**Your goal:**
The part below that opens with the line containing "Riyogems 1 pieza" and closes with the line containing "Okładka numeru Biuletynu" should be copied exactly, minus any pictures.

**Extracted entries:**
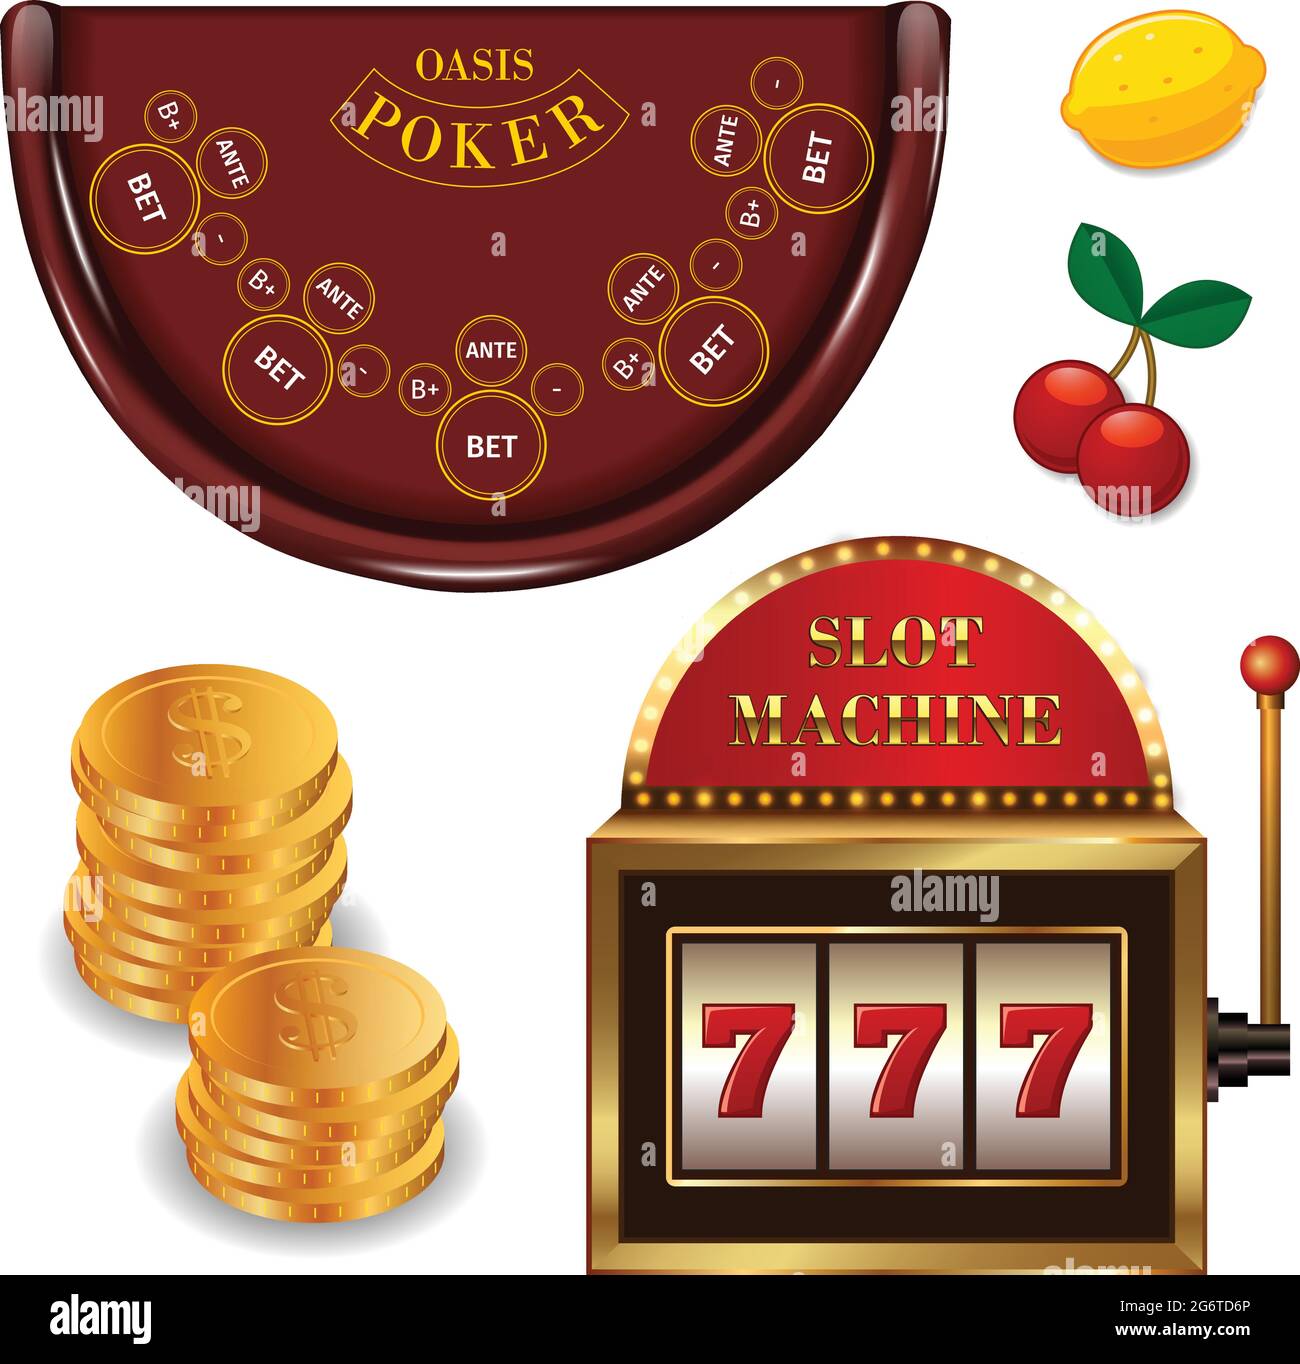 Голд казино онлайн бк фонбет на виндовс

--

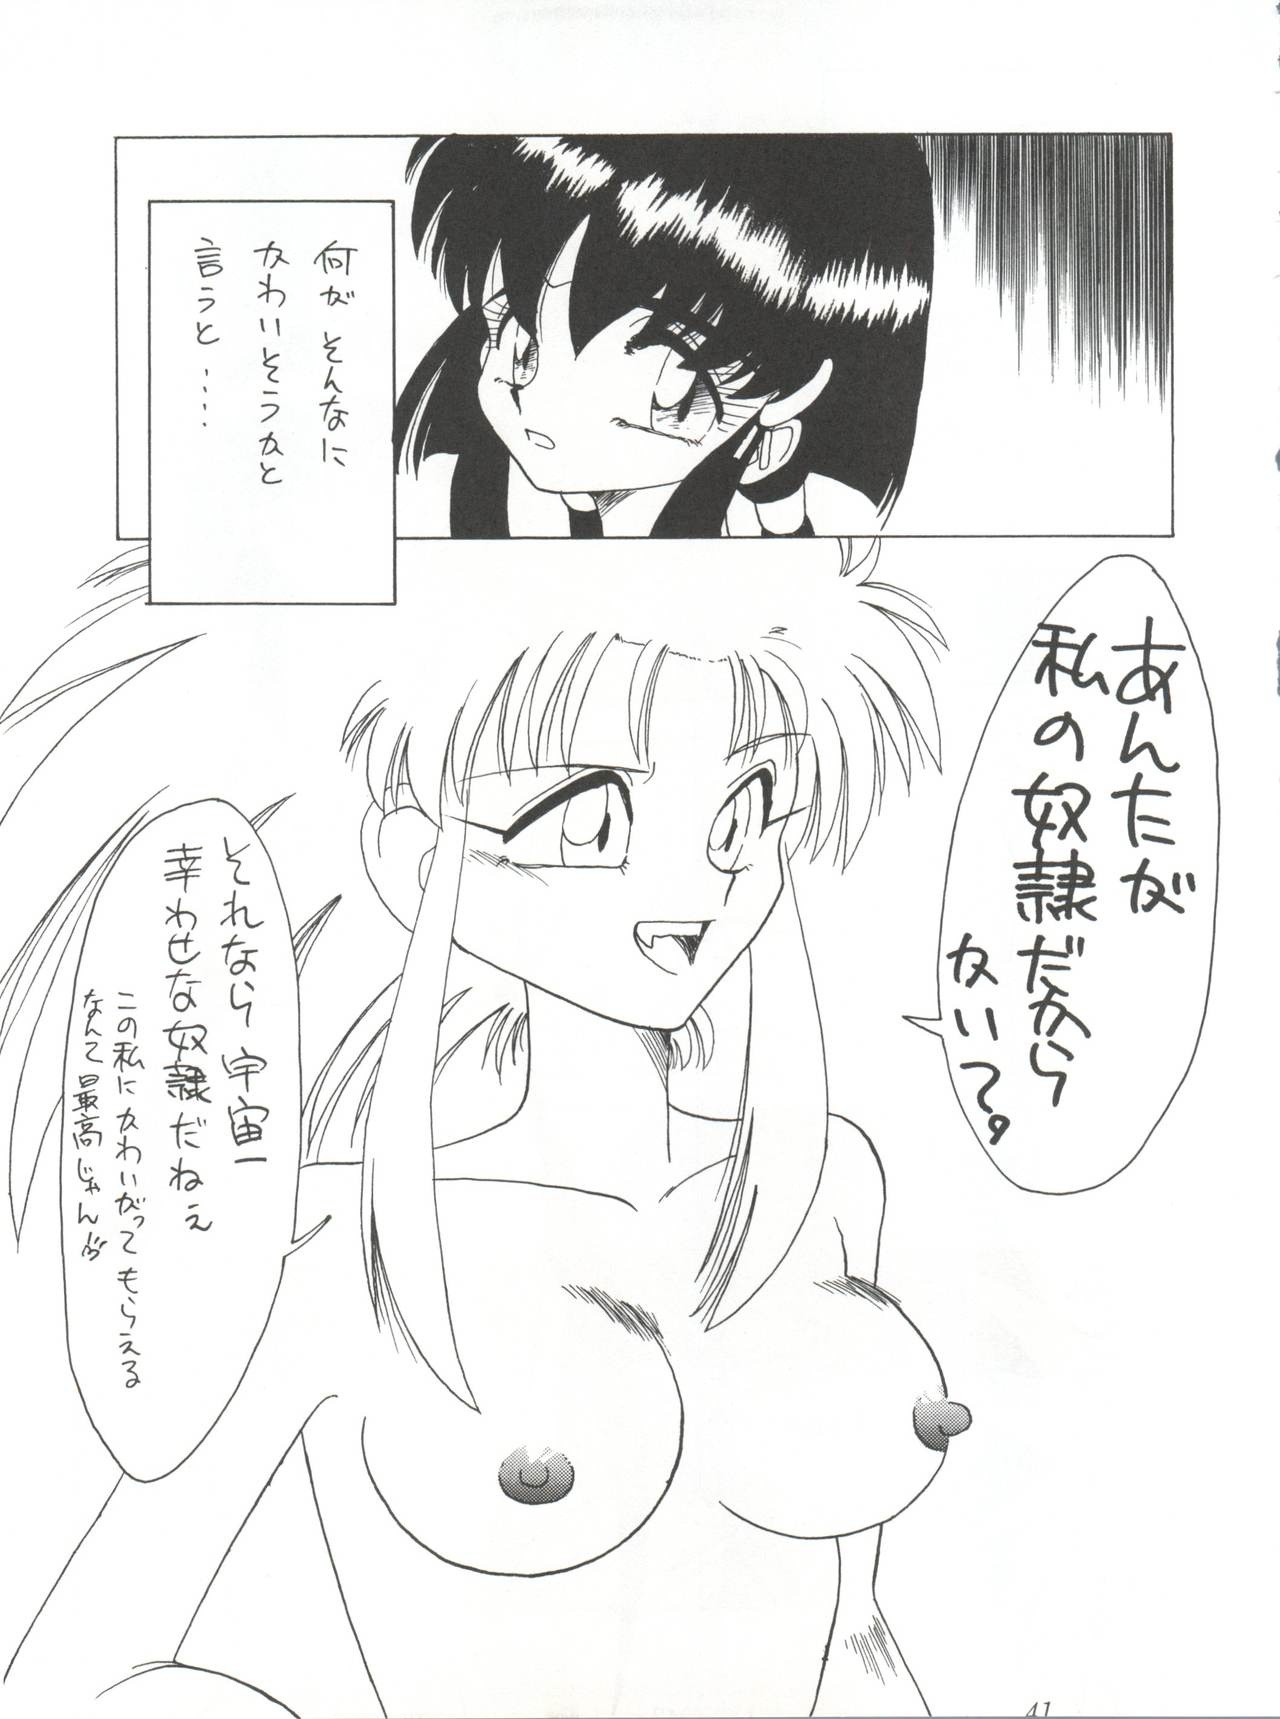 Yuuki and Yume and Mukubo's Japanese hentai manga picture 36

* * *

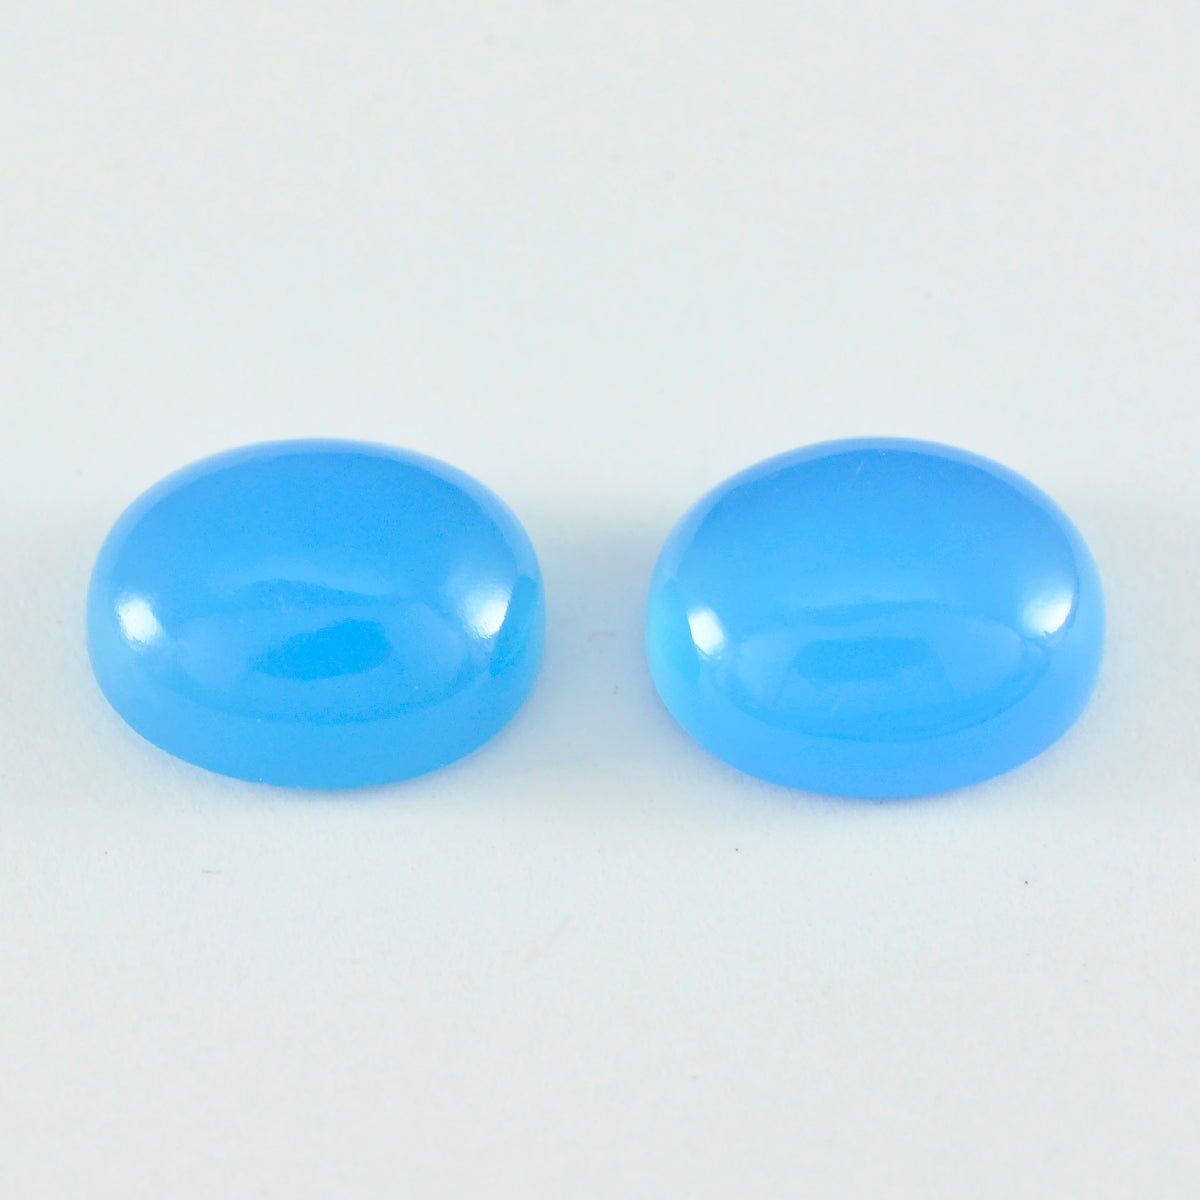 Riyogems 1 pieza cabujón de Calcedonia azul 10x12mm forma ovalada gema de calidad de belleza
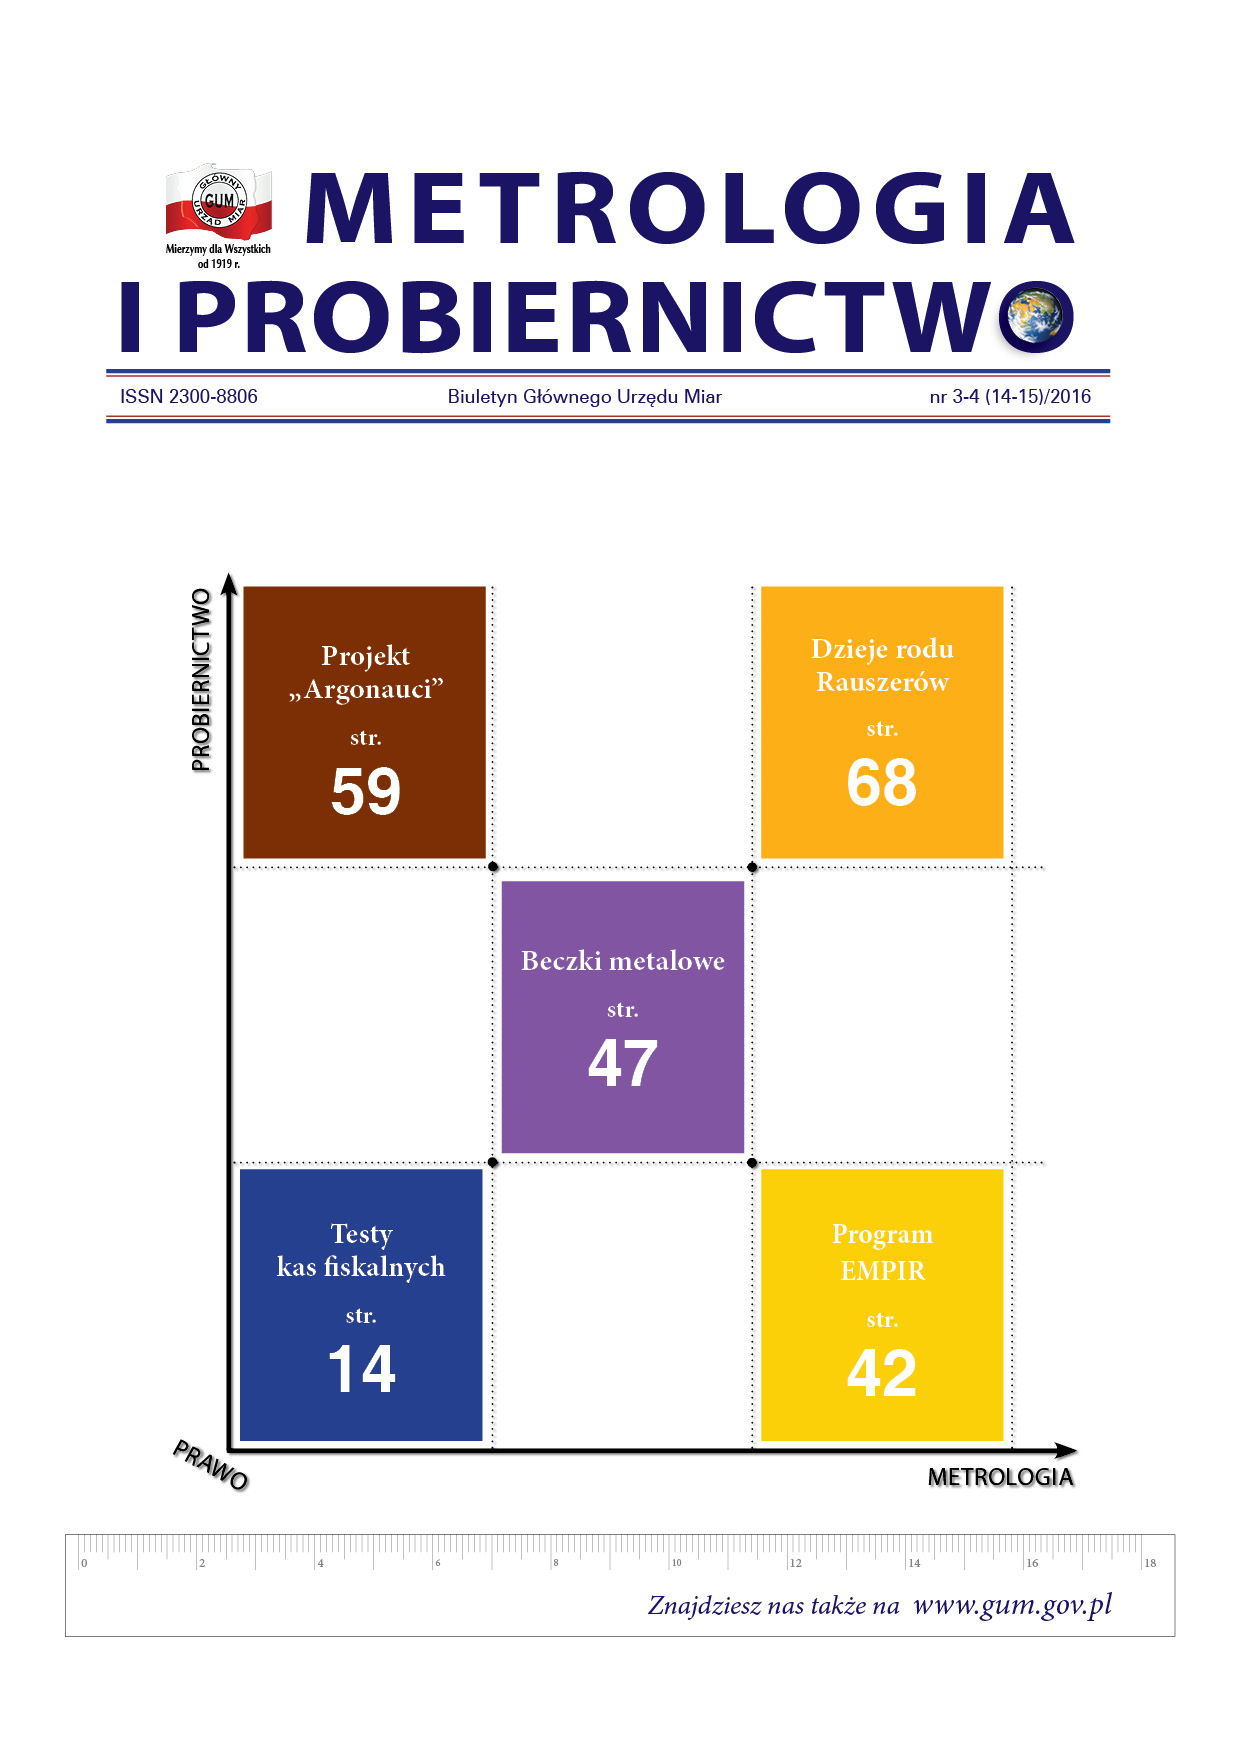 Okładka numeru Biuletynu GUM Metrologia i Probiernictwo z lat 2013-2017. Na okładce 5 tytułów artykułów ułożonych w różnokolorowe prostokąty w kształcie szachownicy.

**Solution below:**
 Riyogems 1 pieza cabujón de Calcedonia azul 10x12mm forma ovalada gema de calidad de belleza
 Okładka numeru Biuletynu GUM Metrologia i Probiernictwo z lat 2013-2017. Na okładce 5 tytułów artykułów ułożonych w różnokolorowe prostokąty w kształcie szachownicy.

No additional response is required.